Hong Hualan, Shi Xi, Ou Wenyong, Ou Pengju
Department of Medical Oncology, Cancer Center, The First Affiliated Hospital of Fujian Medical University, Fuzhou, Fujian 350000, P.R. China.
Department of Medical Oncology, National Regional Medical Center, Binhai Campus of The First Affiliated Hospital of Fujian Medical University, Fuzhou, Fujian 350000, P.R. China.
Biomed Rep. 2024 Feb 19;20(4):63. doi: 10.3892/br.2024.1751. eCollection 2024 Apr.

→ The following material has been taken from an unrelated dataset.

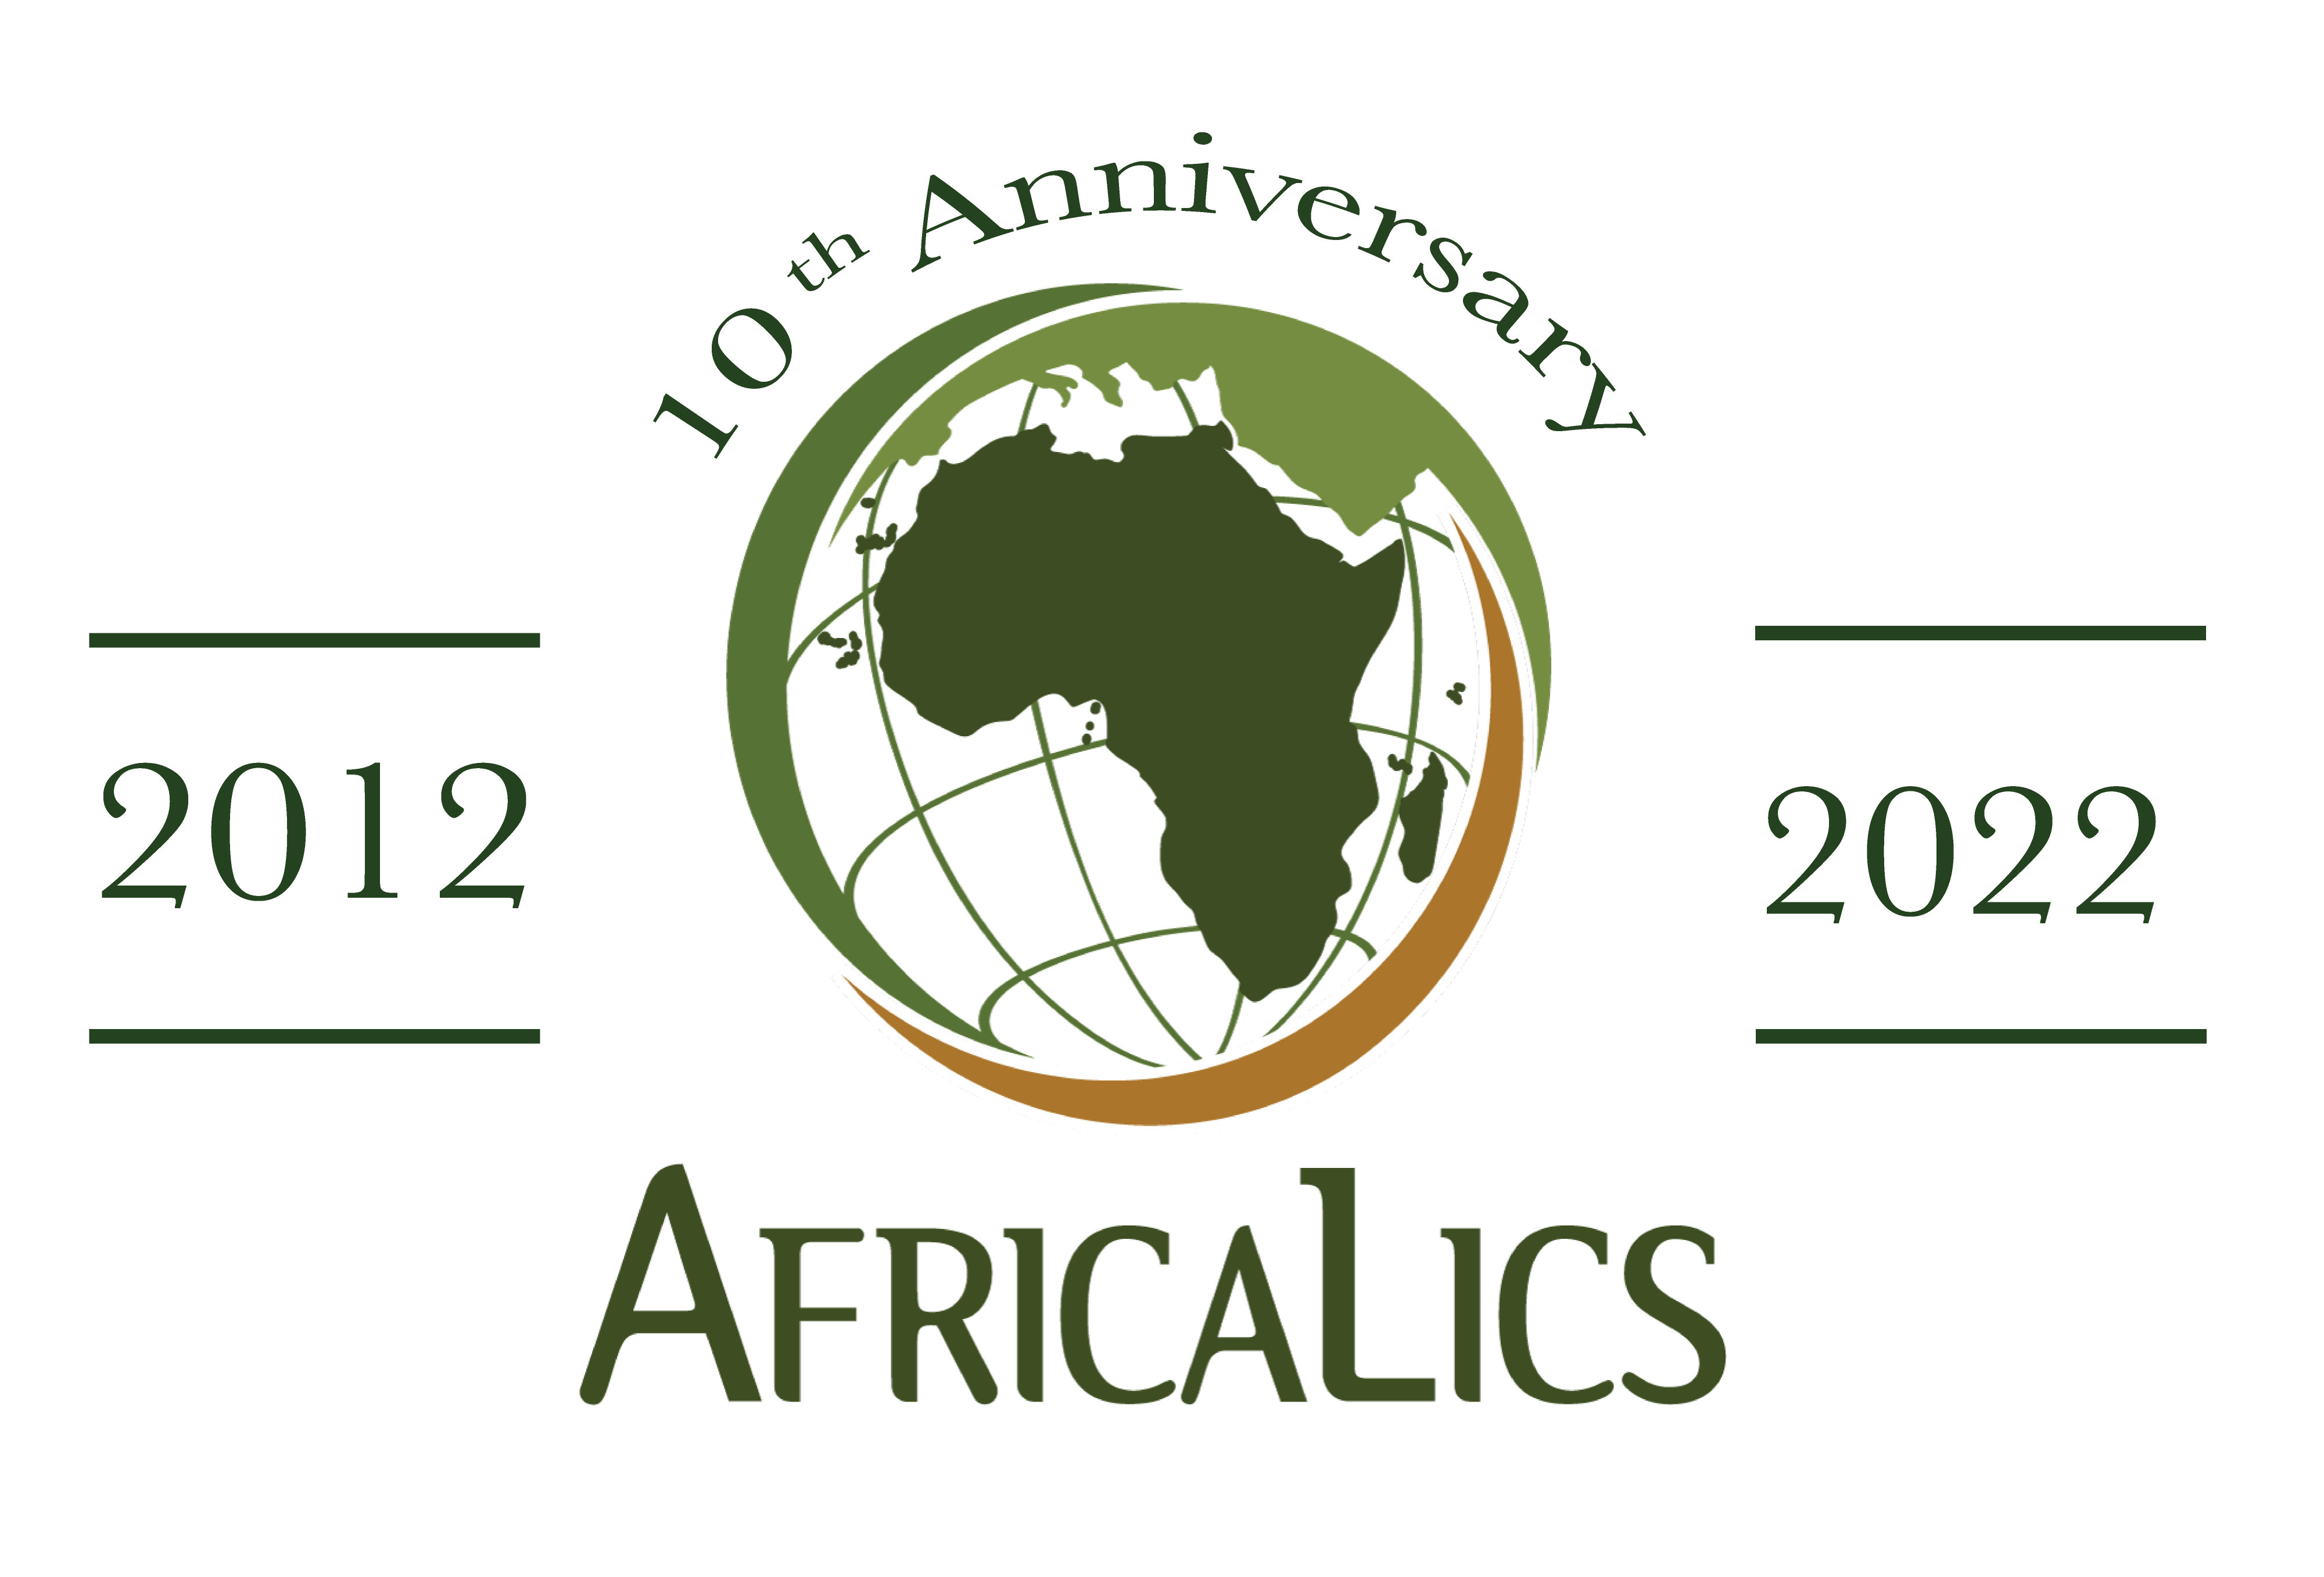 AfricaLics@10

The role and underlying mechanism of cytoplasmic polyadenylation element binding protein 3 (CPEB3) in clear cell renal cell carcinoma [ccRCC progression remain poorly characterized. The present study was designed to evaluate the role of CPEB3 in ccRCC and its clinical associations. The overall response rate of first-line therapies (ICIs combined with VEGFR-TKIs or ICI combination) for ccRCC] is 42.0-59.3%, so a number of patients with ccRCC do not benefit from these therapies. To avoid immunosurveillance and immune killing, tumor cells decrease immunogenicity and recruit immunosuppressive cells such as regulatory T cells (Tregs). Tregs inhibit the development of anti-tumor immunity, thereby hindering immune surveillance of cancer and preventing effective anti-tumor immune response in tumor-bearing hosts. The present study analyzed clinical specimens from patients ccRCC and then examined the role of CPEB3 in ccRCC via bioinformatics analysis. CPEB3 expression was significantly reduced in ccRCC compared with normal tissue and low CPEB3 expression was associated with poor overall survival. Moreover, CPEB3 expression was an independent predictor of survival. CPEB3 expression was positively associated with immune biomarkers [CD274, programmed cell death 1 ligand 2, Hepatitis a virus cellular receptor 2, Chemokine (C-X-C motif) ligand (CXCL)9, CXCL10, Inducible T cell costimulatory, CD40, CD80 and CD38] that improve the outcome of anti-tumor immune responses. CPEB3 expression in ccRCC also affected the status of 24 types of infiltrating immune cell, of which Tregs were the most significantly negatively correlated cell type. CPEB3 may serve as a prognostic biomarker in ccRCC and its mechanism may be related to the regulation of Tregs.
细胞质聚腺苷酸化元件结合蛋白3(CPEB3)在肾透明细胞癌(ccRCC)进展中的作用及潜在机制仍未得到充分阐明。本研究旨在评估CPEB3在ccRCC中的作用及其临床相关性。ccRCC一线治疗(免疫检查点抑制剂[ICIs]联合血管内皮生长因子受体酪氨酸激酶抑制剂[VEGFR-TKIs]或ICI联合治疗)的总缓解率为42.0%-59.3%,因此许多ccRCC患者无法从这些治疗中获益。为了避免免疫监视和免疫杀伤,肿瘤细胞降低免疫原性并招募免疫抑制细胞,如调节性T细胞(Tregs)。Tregs抑制抗肿瘤免疫的发展,从而阻碍对癌症的免疫监视并阻止荷瘤宿主产生有效的抗肿瘤免疫反应。本研究分析了ccRCC患者的临床标本,然后通过生物信息学分析研究CPEB3在ccRCC中的作用。与正常组织相比,CPEB3在ccRCC中的表达显著降低,且CPEB3低表达与较差的总生存期相关。此外,CPEB3表达是生存的独立预测指标。CPEB3表达与免疫生物标志物[CD274、程序性细胞死亡1配体2、甲型肝炎病毒细胞受体2、趋化因子(C-X-C基序)配体(CXCL)9、CXCL10、诱导性T细胞共刺激分子、CD40、CD80和CD38]呈正相关,这些生物标志物可改善抗肿瘤免疫反应的结果。CPEB3在ccRCC中的表达还影响24种浸润免疫细胞的状态,其中Tregs是相关性最显著的负性细胞类型。CPEB3可能作为ccRCC的预后生物标志物,其机制可能与Tregs的调节有关。